INFORMATION SUPPLIED:
--- START ---
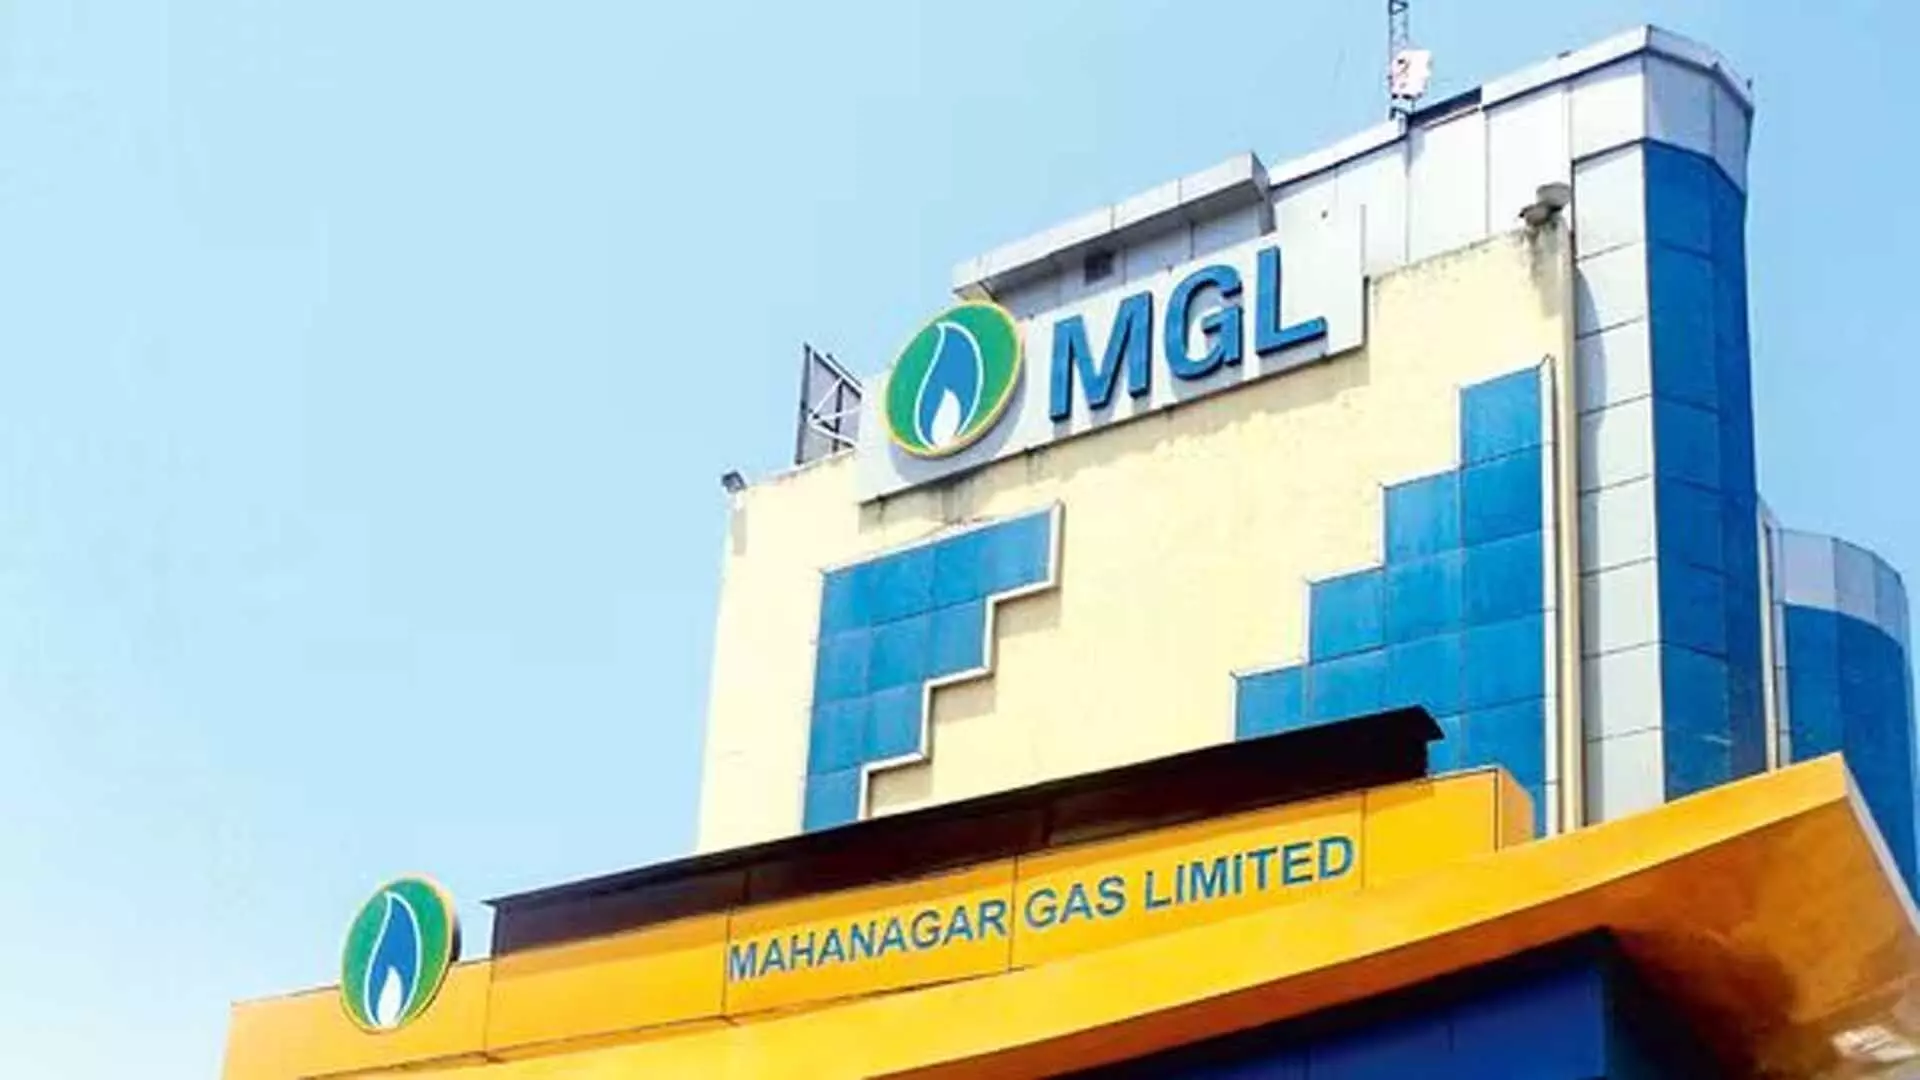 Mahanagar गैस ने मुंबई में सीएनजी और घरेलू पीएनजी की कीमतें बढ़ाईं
--- END ---
--- START ---
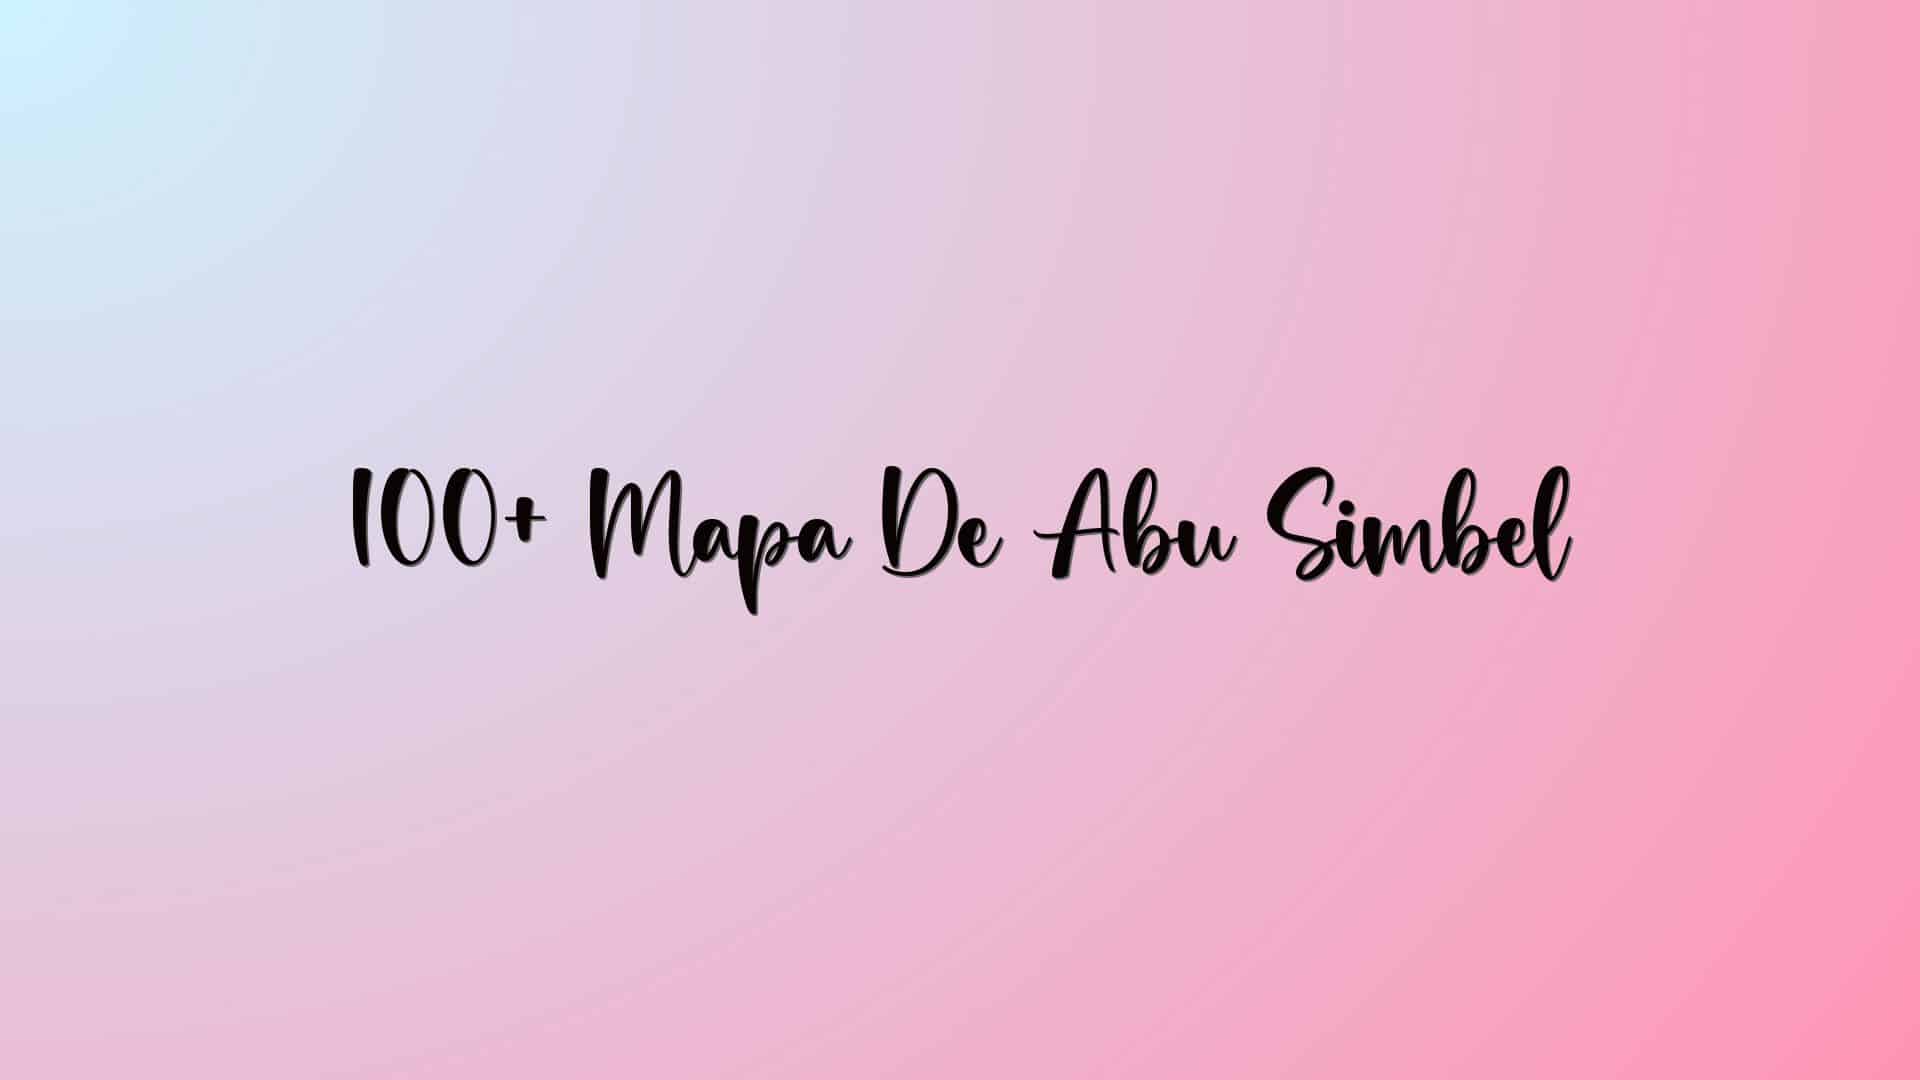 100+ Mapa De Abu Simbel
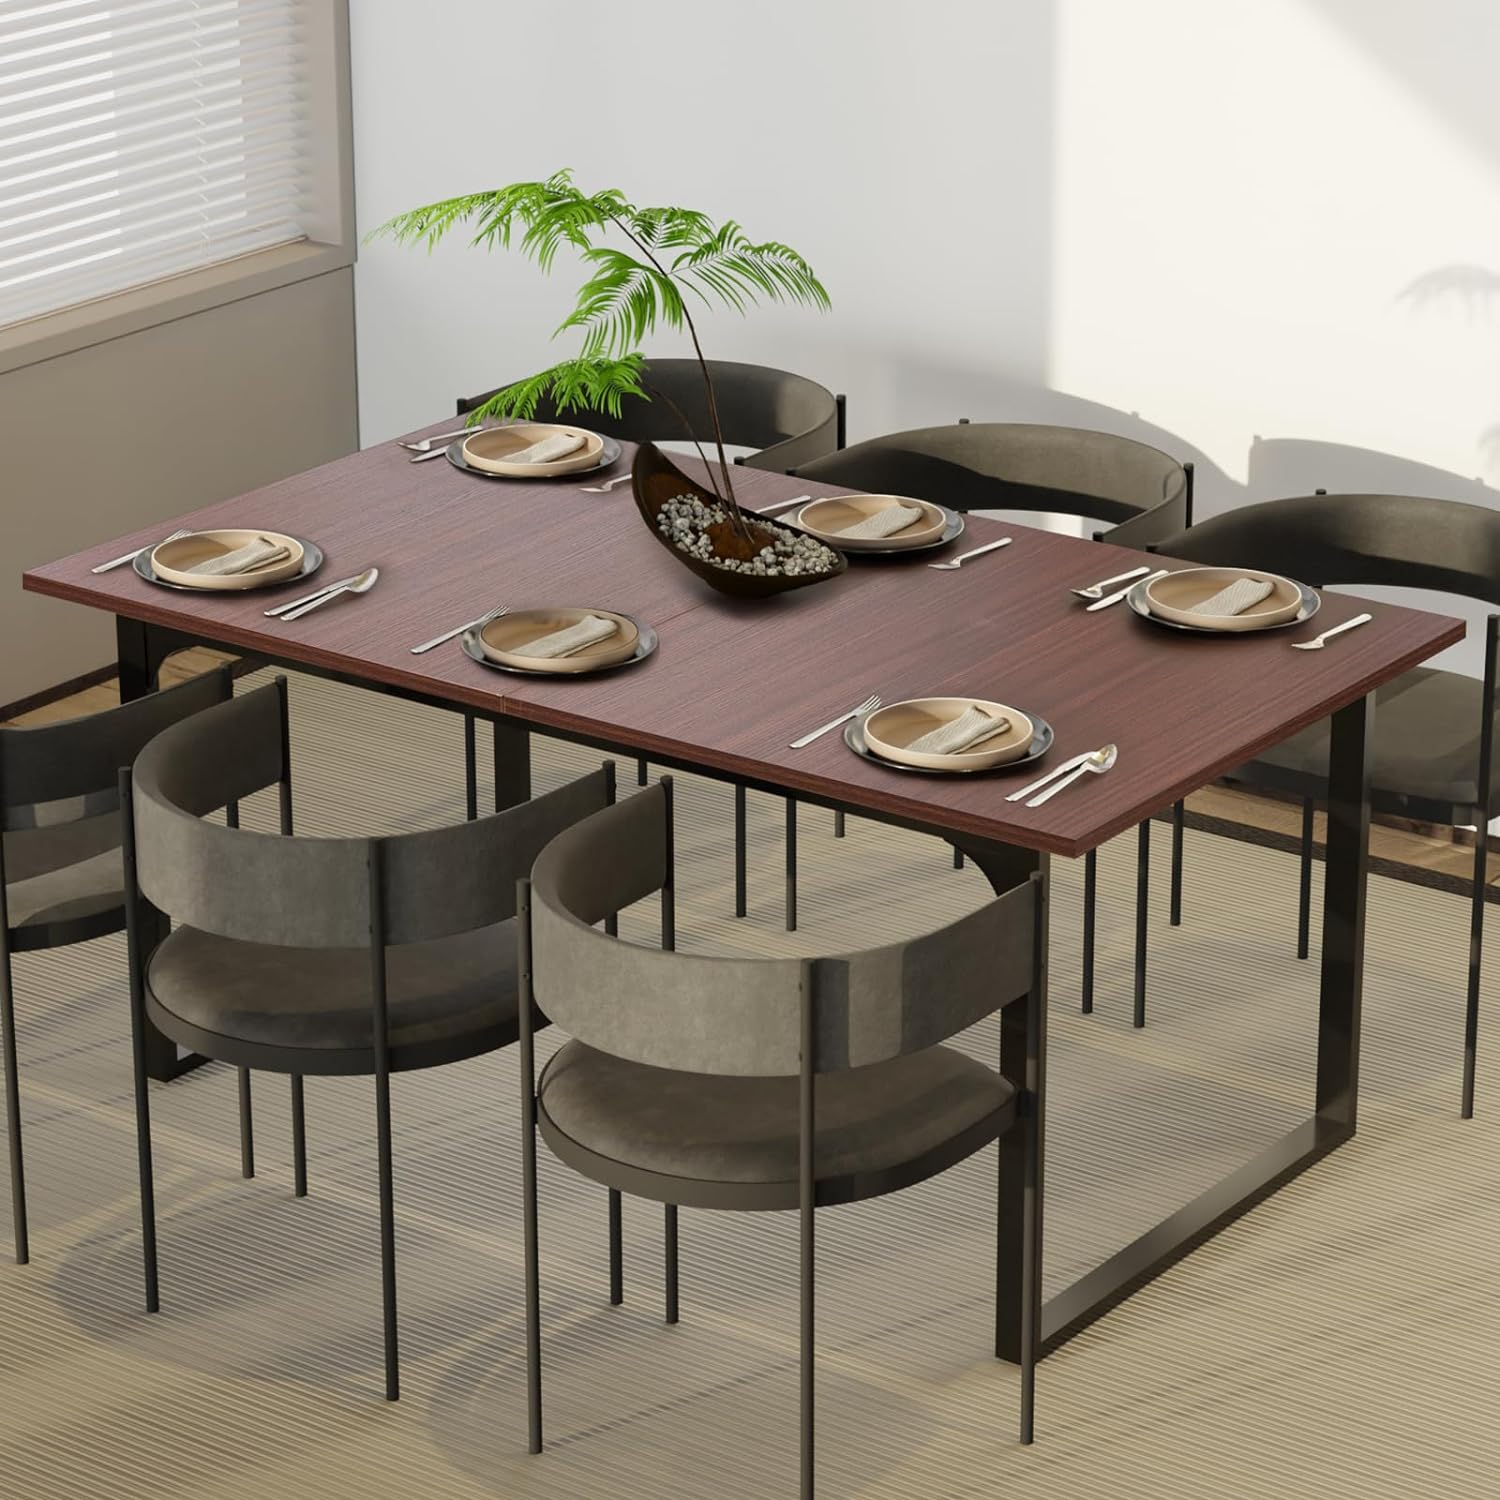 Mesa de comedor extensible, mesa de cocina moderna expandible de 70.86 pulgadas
--- END ---
--- START ---
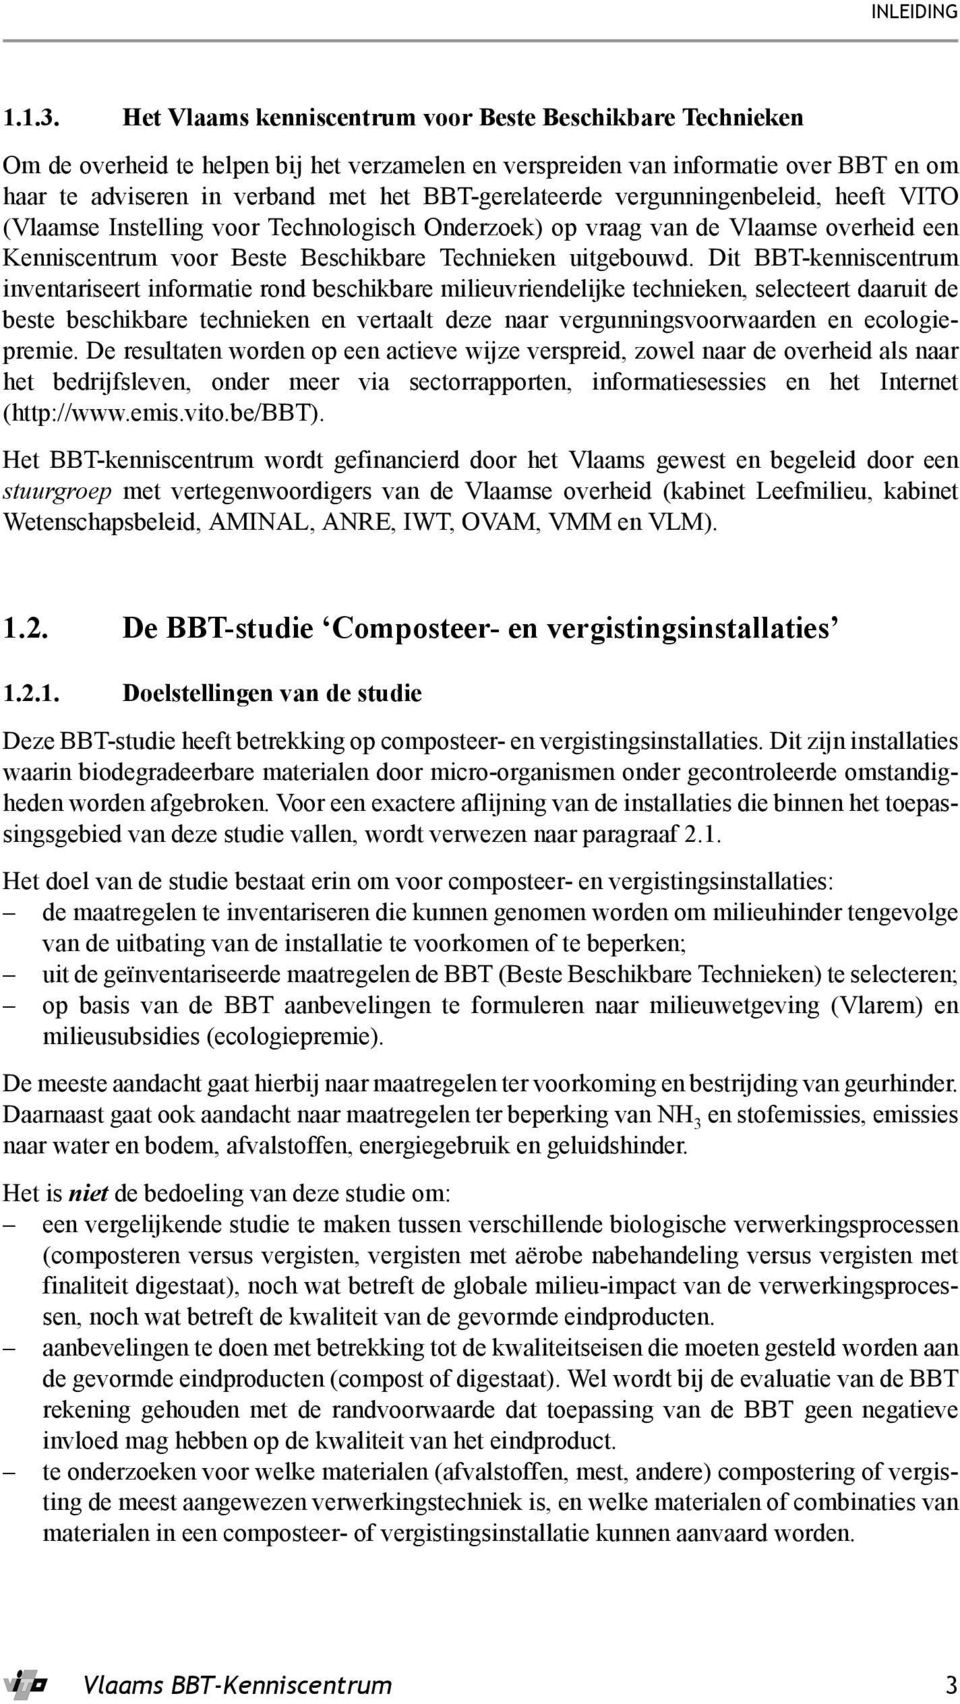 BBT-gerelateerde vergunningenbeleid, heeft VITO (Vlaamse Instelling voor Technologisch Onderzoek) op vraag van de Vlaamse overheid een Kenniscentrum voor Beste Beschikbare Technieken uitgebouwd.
--- END ---
What belongs in the answer is each line above from the line with "100+ Mapa De Abu Simbel" to the line with "Mesa de comedor", inclusive, reproduced exactly and free of pictures.

WRITTEN ANSWER:
 100+ Mapa De Abu Simbel
 Mesa de comedor extensible, mesa de cocina moderna expandible de 70.86 pulgadas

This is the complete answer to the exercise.